### GIVEN MATERIAL
[Start of section]

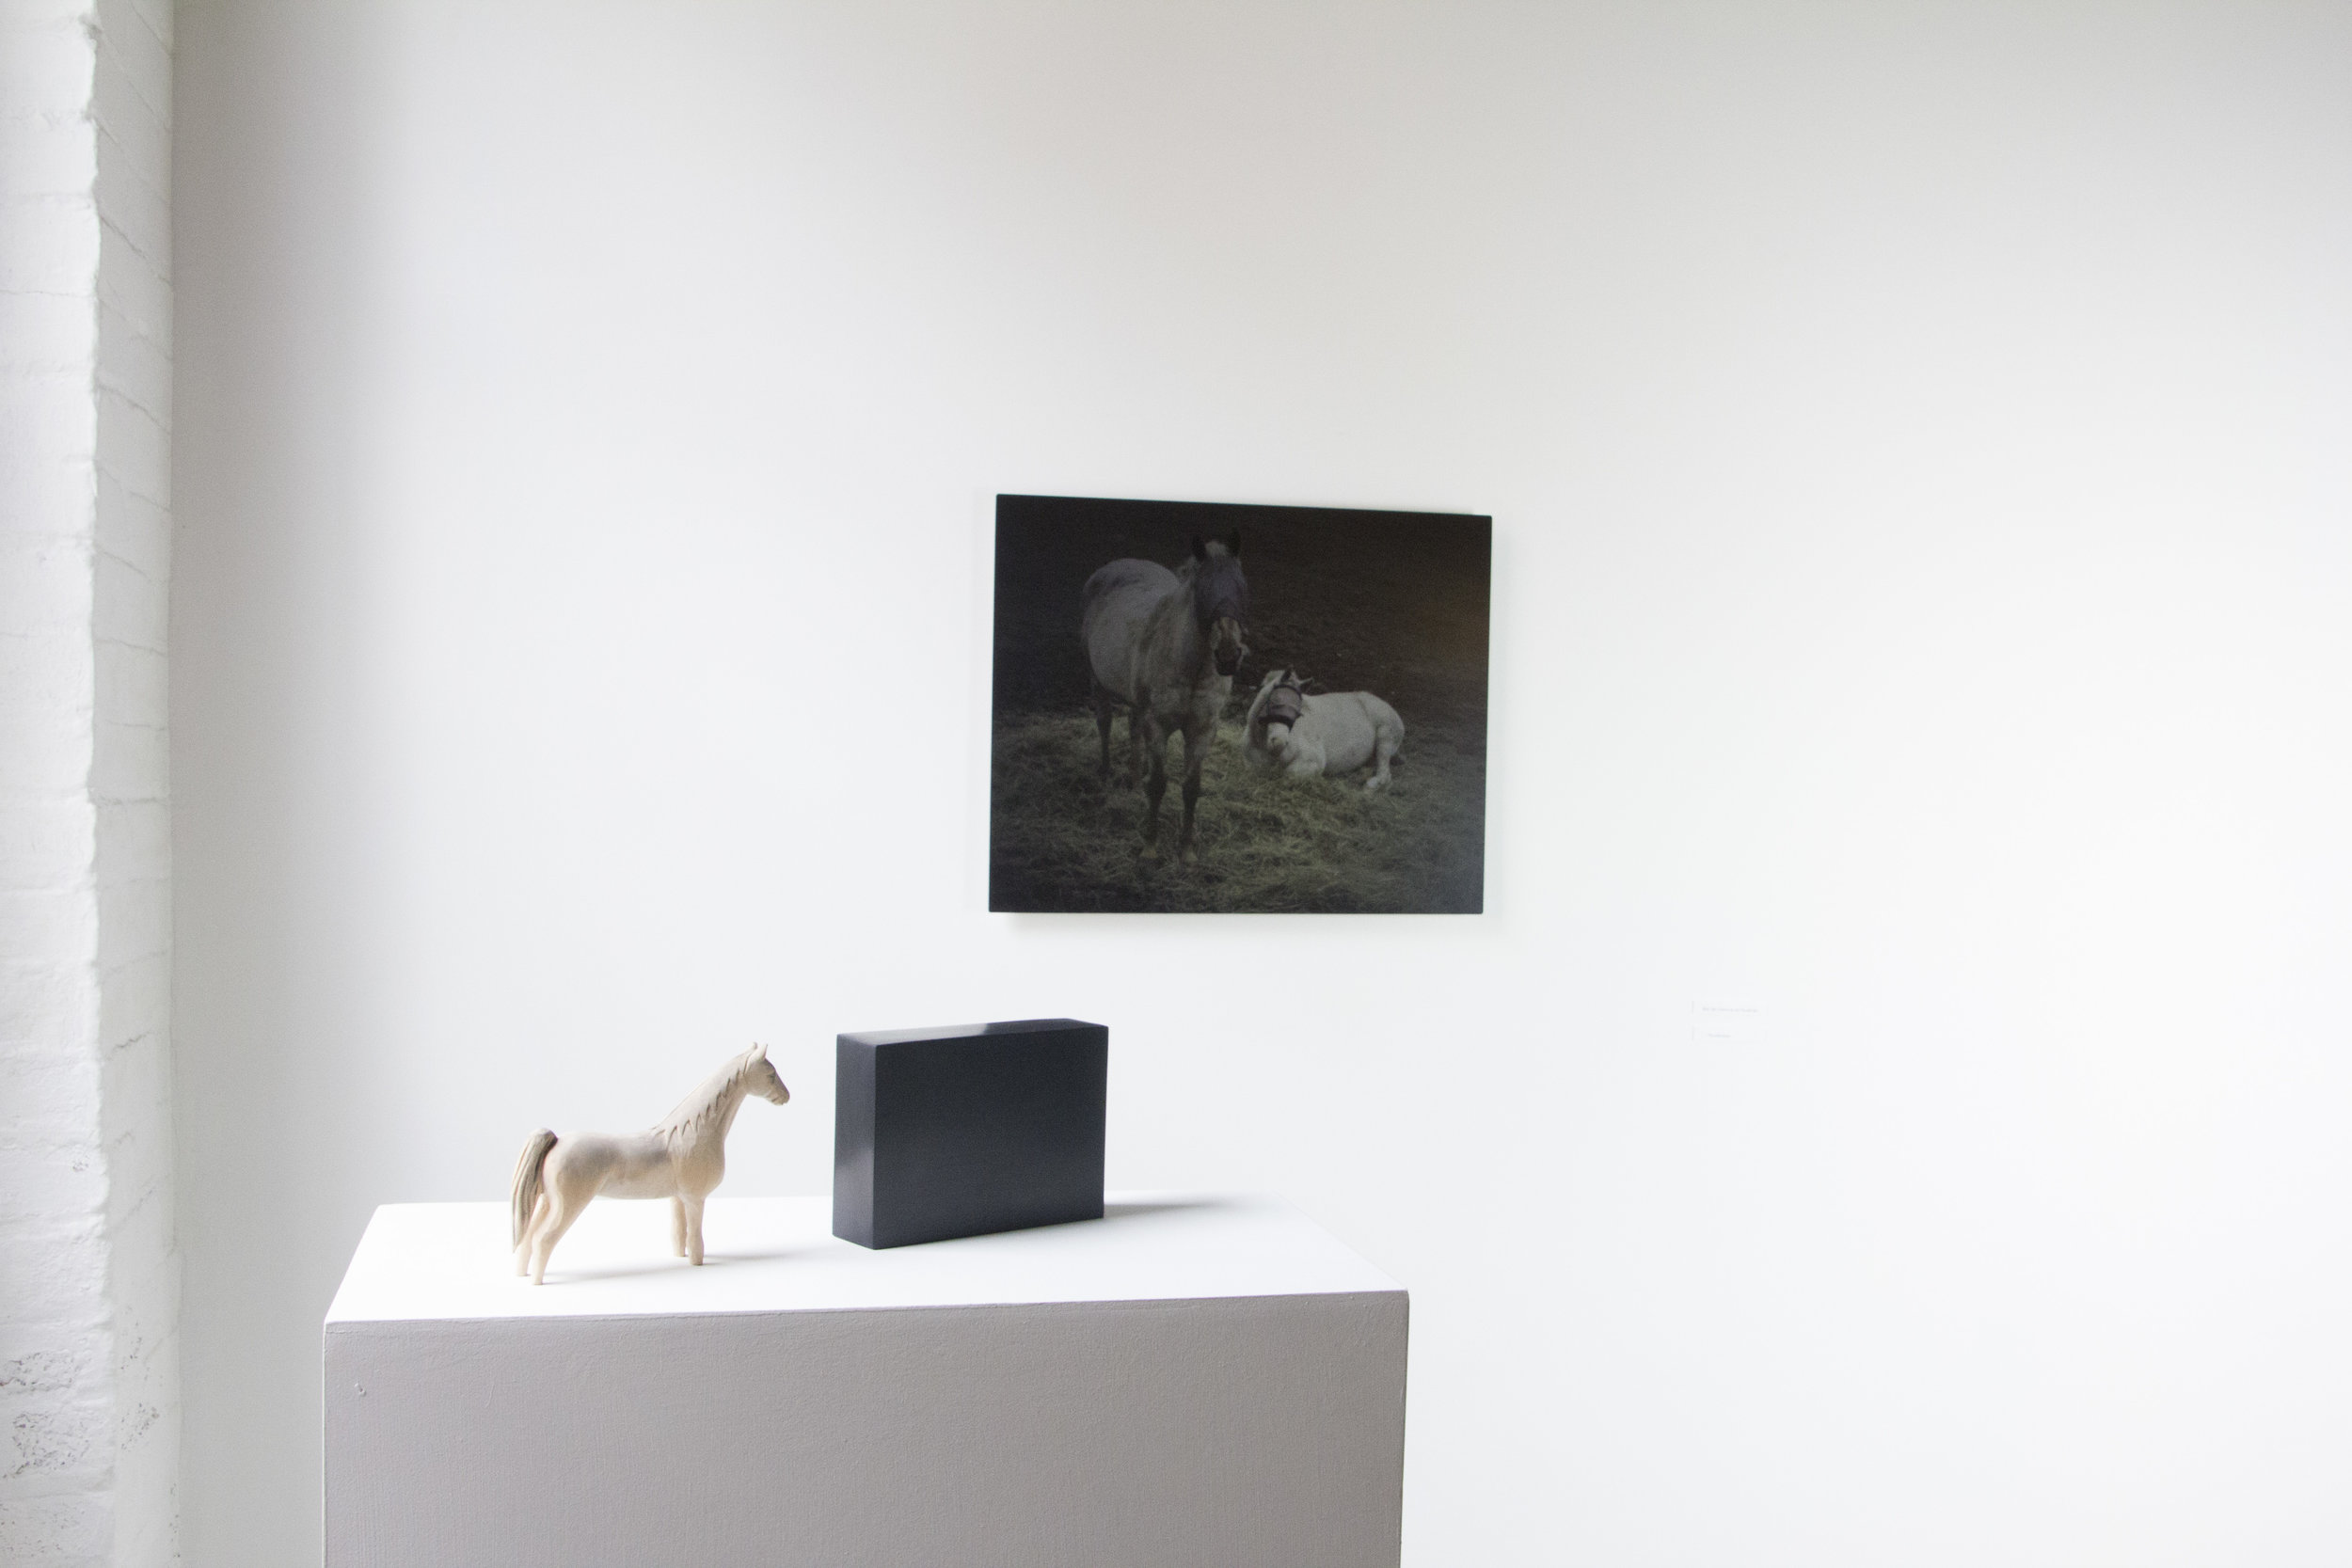 Helen_Hawley_google__art_lit_lab_Chele_Isaac_installation_horses.JPG
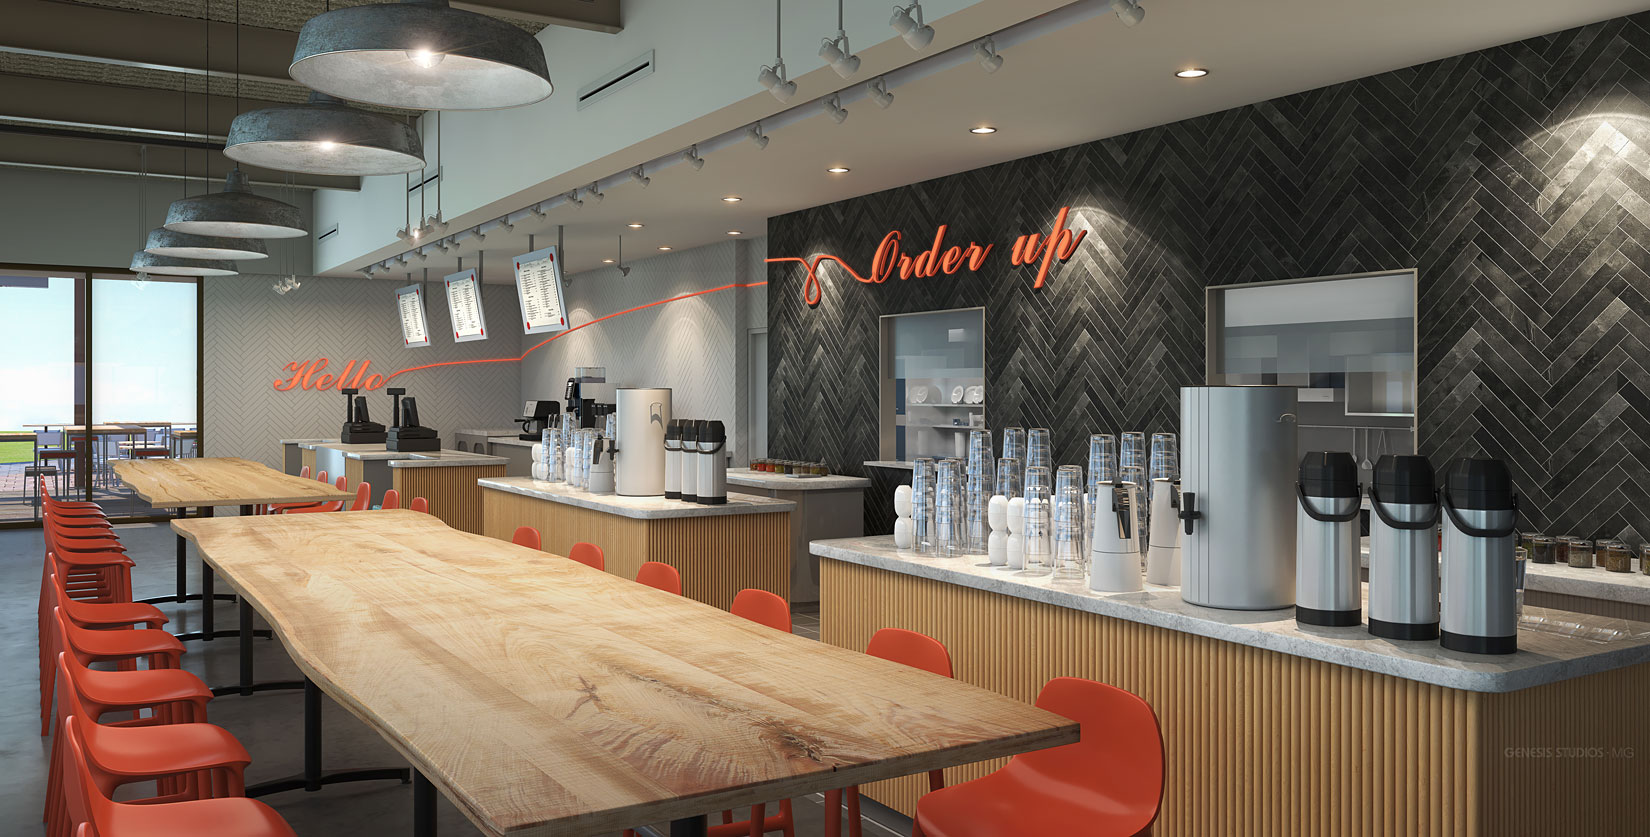 717174 Digital Photorealistic Architectural Renderings of Bonapitit Coffee Bar for Shea Design
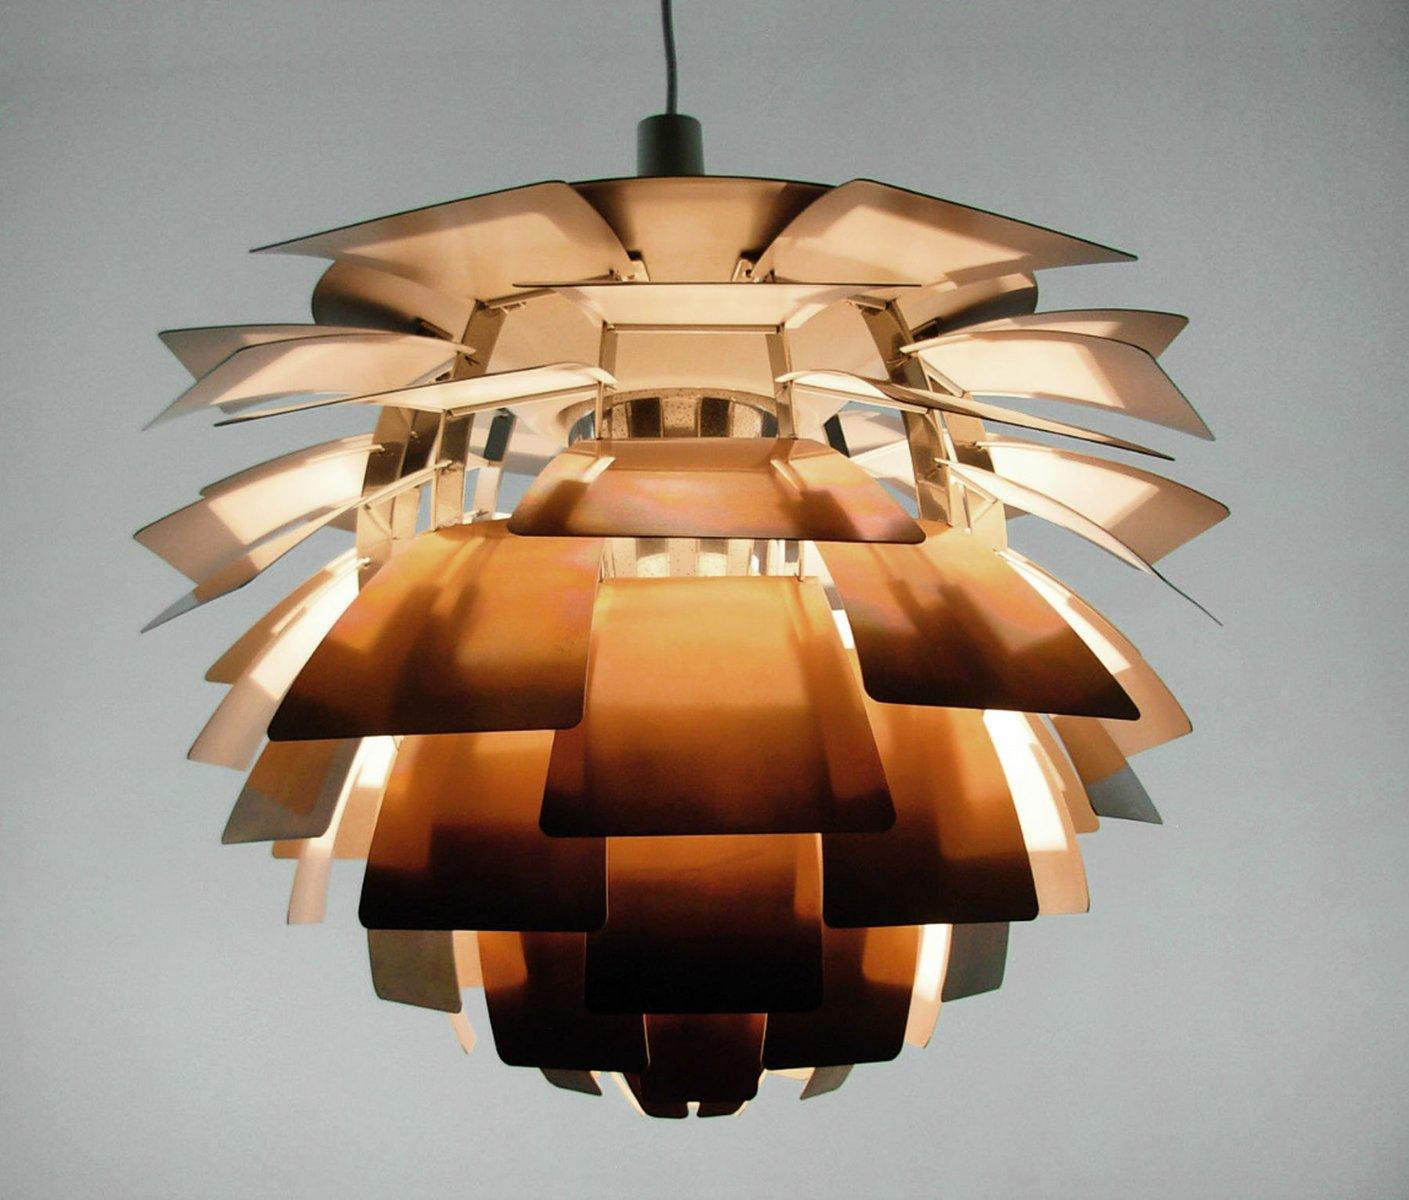 vintage artichoke lampe von poul henningsen f r louis poulsen bei pamono kaufen. Black Bedroom Furniture Sets. Home Design Ideas

[End of section]

### TASK STATEMENT
The listing is to be reproduced in full and exactly, except that its pictures are to be dropped.

### ANSWER
 Helen_Hawley_google__art_lit_lab_Chele_Isaac_installation_horses.JPG
 717174 Digital Photorealistic Architectural Renderings of Bonapitit Coffee Bar for Shea Design
 vintage artichoke lampe von poul henningsen f r louis poulsen bei pamono kaufen. Black Bedroom Furniture Sets. Home Design Ideas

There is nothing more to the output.